### [WORK TASK]
Only the lines from the line containing "منظر لسباق السيارات" to the end of the material belong in the copy; set them down exactly, without pictures.

(INFORMATION SHOWN begins)

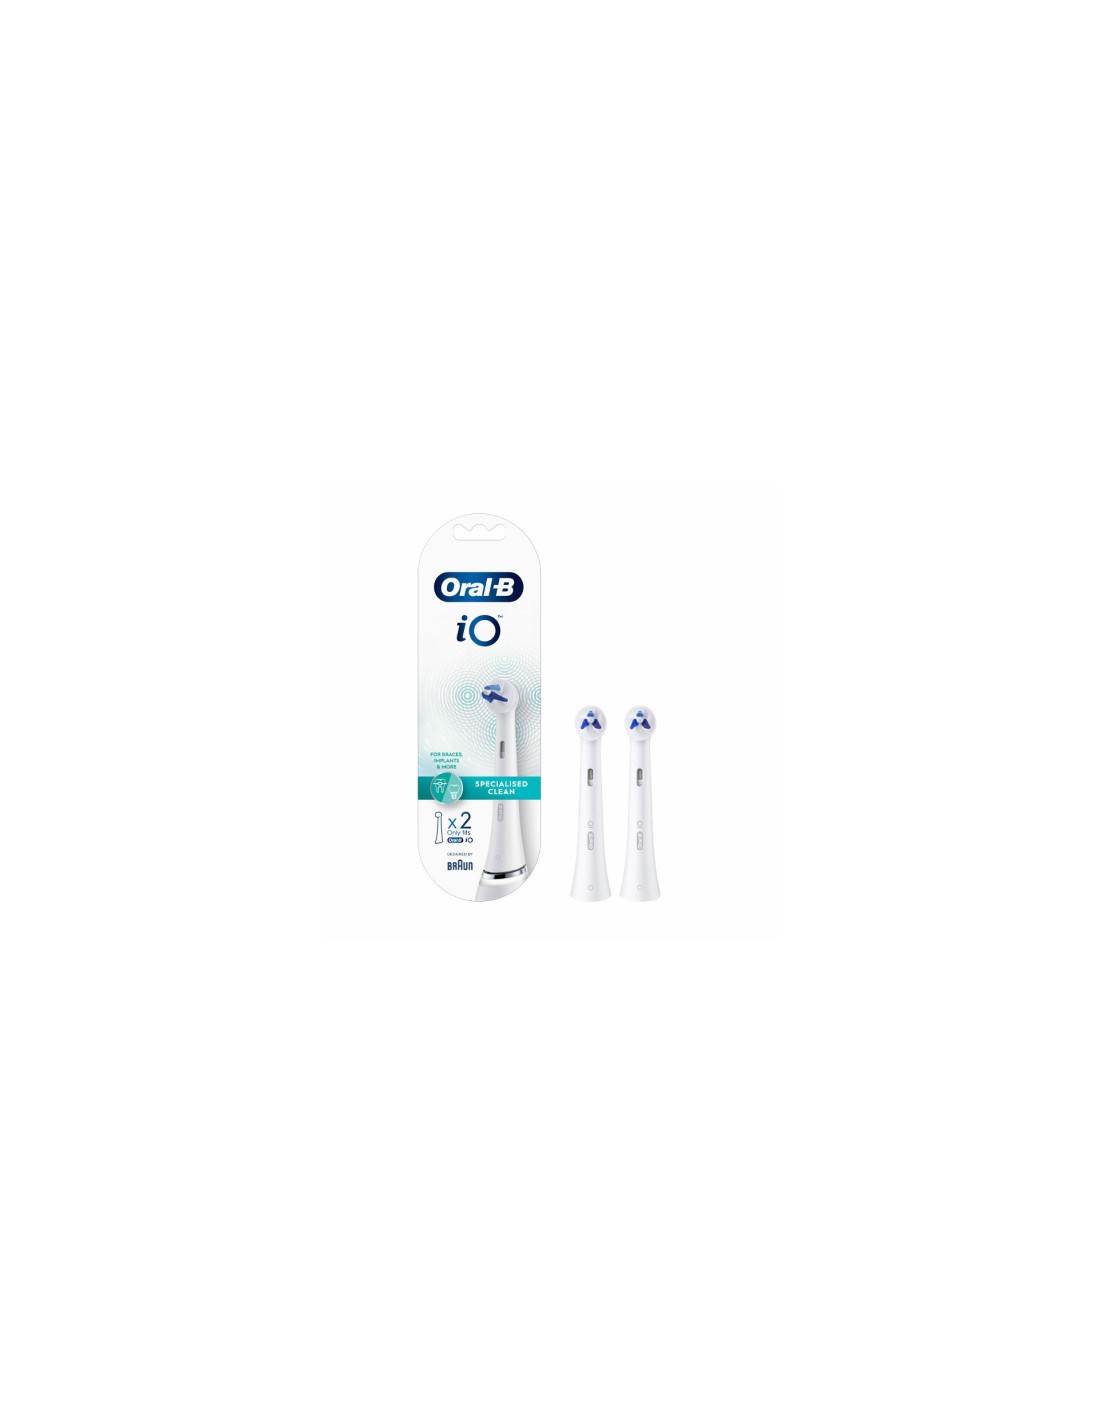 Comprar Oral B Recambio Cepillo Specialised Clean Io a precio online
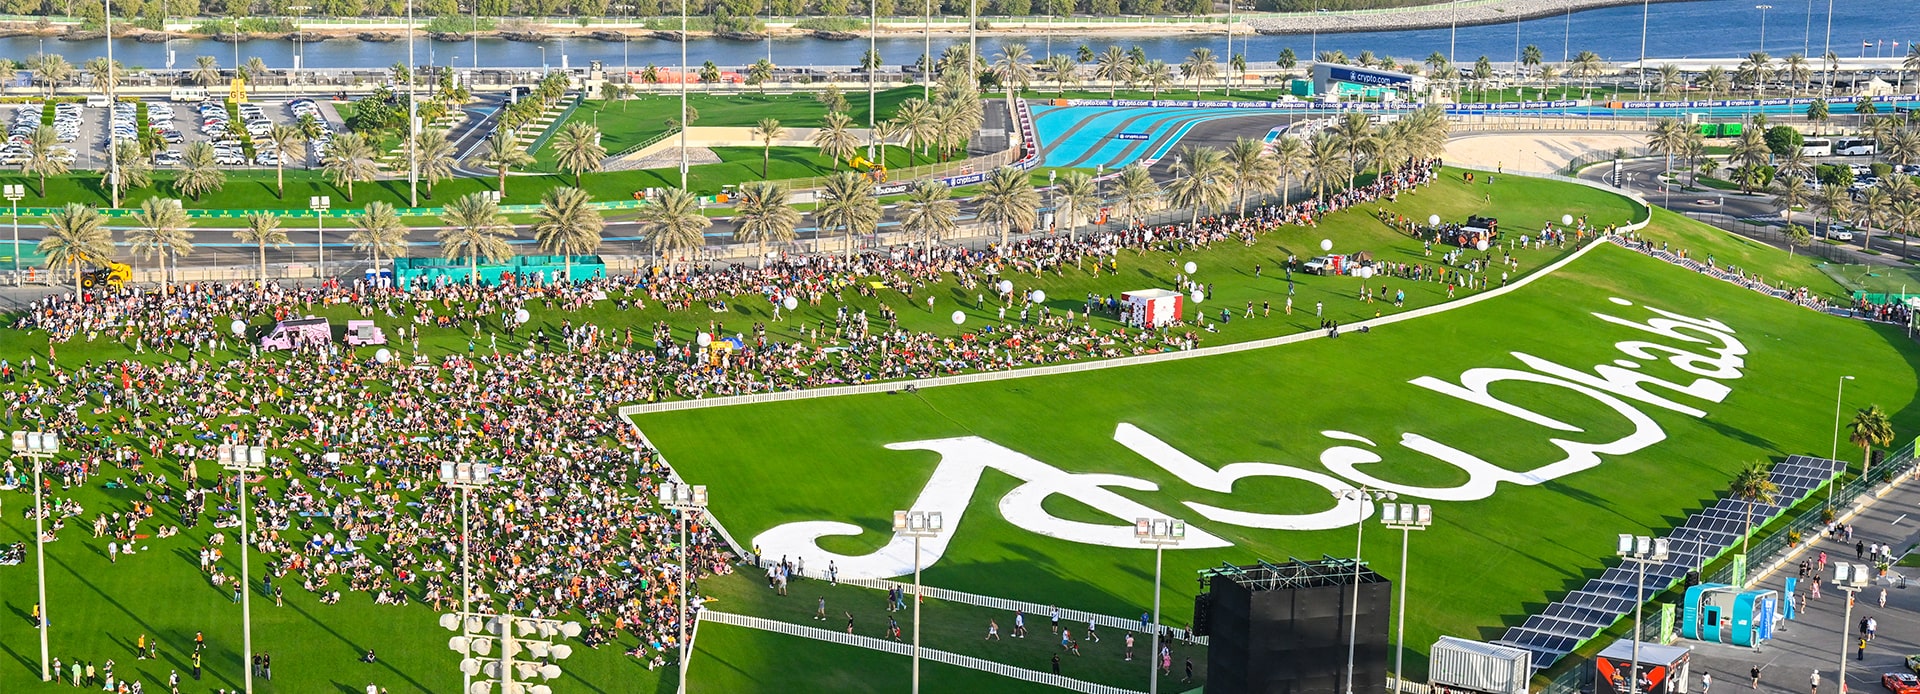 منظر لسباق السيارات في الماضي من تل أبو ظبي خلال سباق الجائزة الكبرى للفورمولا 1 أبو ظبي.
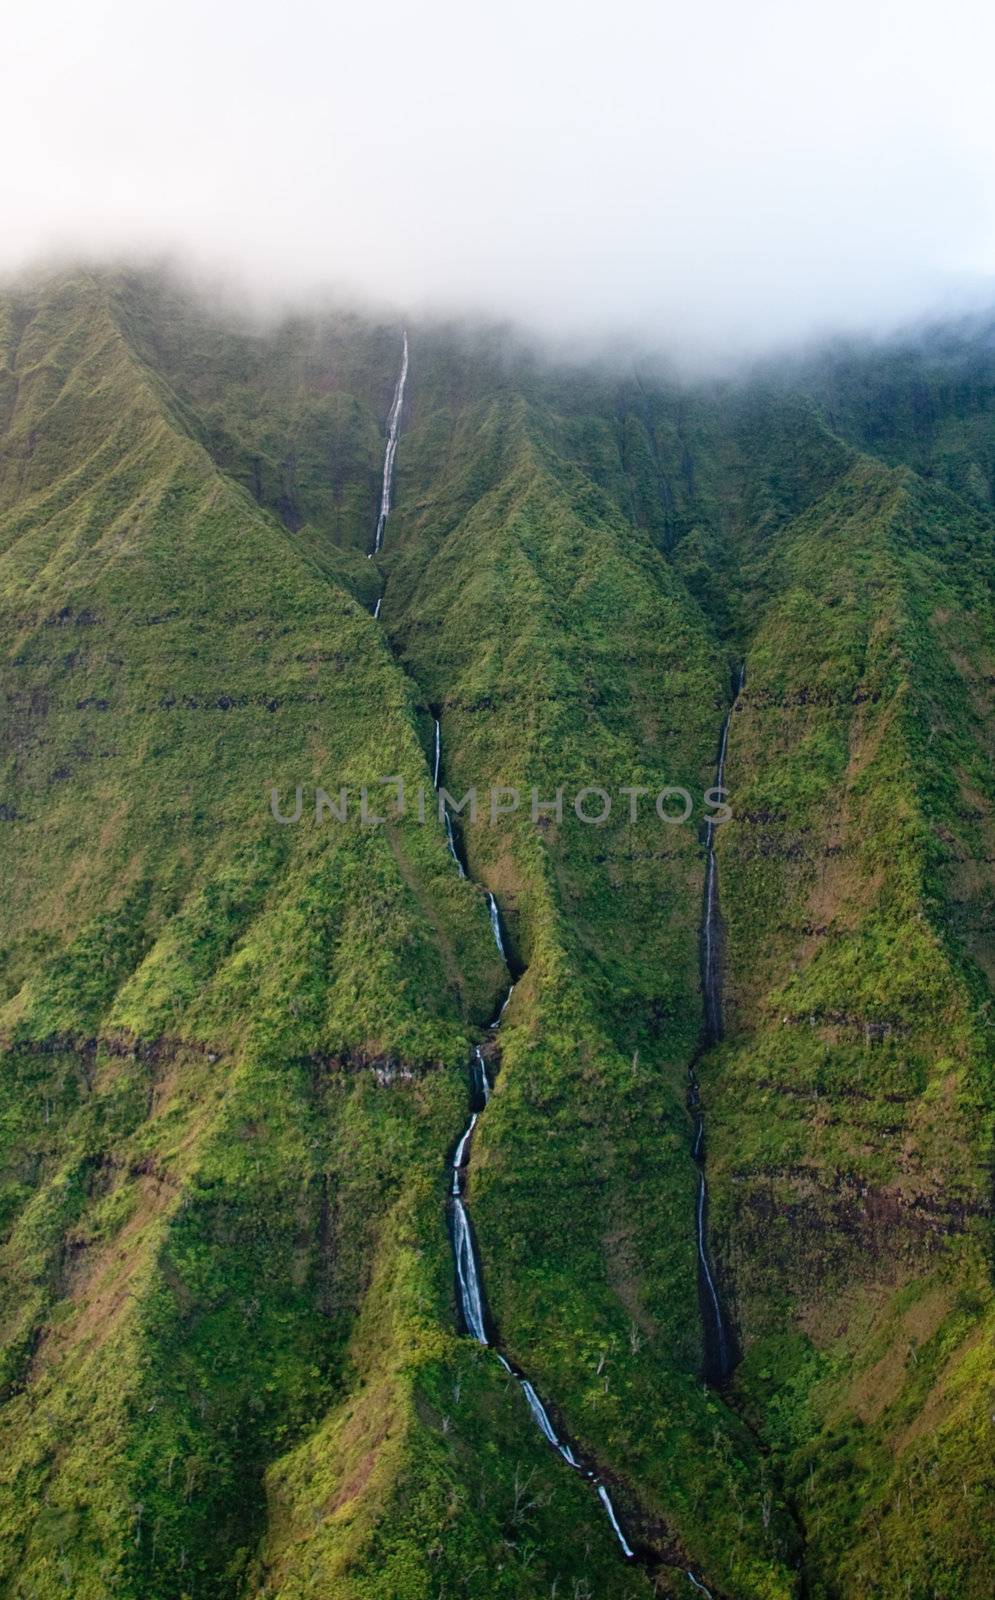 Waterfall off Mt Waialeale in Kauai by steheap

(INFORMATION SHOWN ends)

### [PROBLEM SOLUTION]
 منظر لسباق السيارات في الماضي من تل أبو ظبي خلال سباق الجائزة الكبرى للفورمولا 1 أبو ظبي.
 Waterfall off Mt Waialeale in Kauai by steheap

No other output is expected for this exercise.